Book Synopsis Beyond the Beach by : Stephen Bourque
Download or read book Beyond the Beach written by Stephen Bourque and published by Naval Institute Press. This book was released on 2018-04-15 with total page 381 pages. Available in PDF, EPUB and Kindle. Book excerpt: An important rethinking of the Normandy war narrative Beyond the Beach examines the Allied air war against France in 1944. During this period, General Dwight David Eisenhower, as Supreme Allied Commander, took control of all American, British, and Canadian air units and employed them for tactical and operational purposes over France rather than as a strategic force to attack targets deep in Germany. Using bombers as his long-range artillery, he directed the destruction of bridges, rail centers, ports, military installations, and even French towns with the intent of preventing German reinforcements from interfering with Operation Neptune, the Allied landings on the Normandy beaches. Ultimately, this air offensive resulted in the death of over 60,000 French civilians and an immense amount of damage to towns, churches, buildings, and works of art. This intense bombing operation, conducted against a friendly occupied state, resulted in a swath of physical and human destruction across northwest France that is rarely discussed as part of the D-Day landings. This book explores the relationship between ground and air operations and its effects on the French population. It examines the three broad groups that the air operations involved, the doctrine and equipment used by Allied air force leaders to implement Eisenhower’s plans, and each of the eight major operations, called lines of effort, that coordinated the employment of the thousands of fighters, medium bombers, and heavy bombers that prowled the French skies that spring and summer of 1944. Each of these sections discusses the operation's purpose, conduct, and effects upon both the military and the civilian targets. Finally, the book explores the short and long-term effects of these operations and argues that this ignored narrative should be part of any history of the D-Day landings.

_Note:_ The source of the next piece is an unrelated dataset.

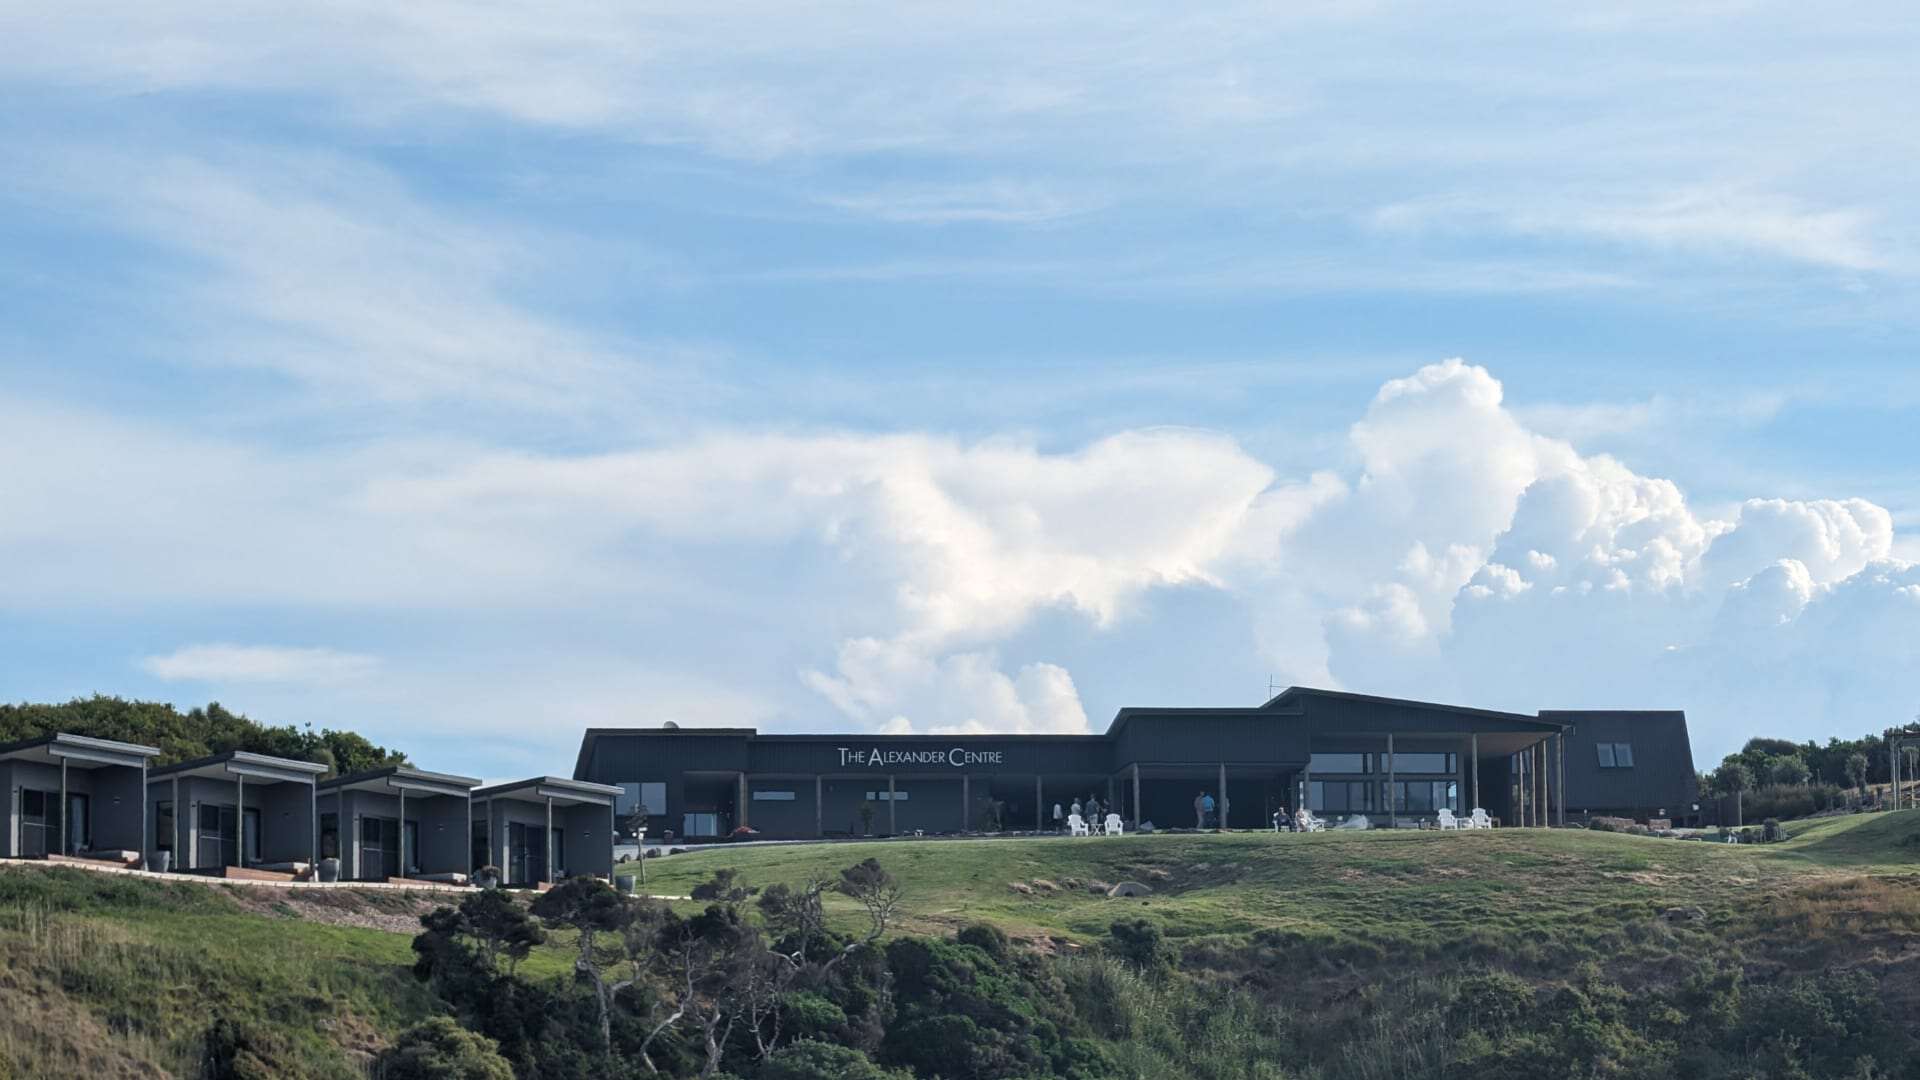 Modern facility on grassy hill under cloudy sky
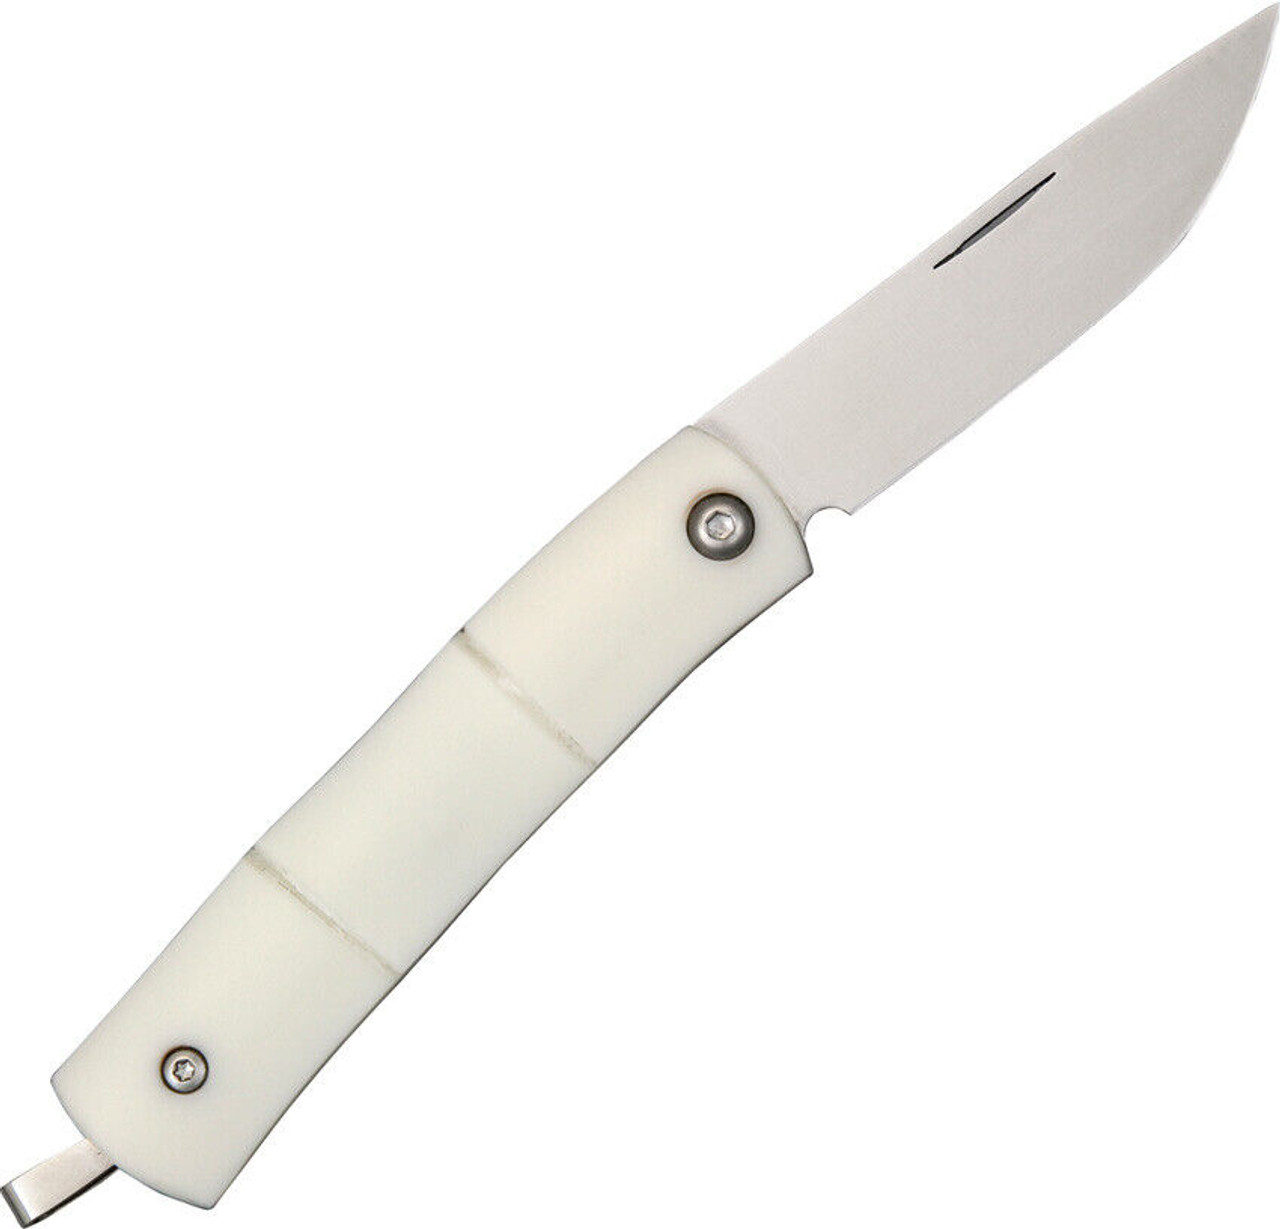 Mcusta Take Series Money Clip Knife (MC-0153) 2.3" AUS-8 Drop Point Plan Blade, White Acrylic Handle

Book Synopsis The French War on Al Qa'ida in Africa by : Christopher S. Chivvis
Download or read book The French War on Al Qa'ida in Africa written by Christopher S. Chivvis and published by Cambridge University Press. This book was released on 2016 with total page 249 pages. Available in PDF, EPUB and Kindle. Book excerpt: This book investigates France's 2013 military intervention in Mali and its lessons for America's fight against terrorist groups in Africa and worldwide. Its assessment of new anti-terrorist military strategy will be of use to those in the foreign policy and national security communities.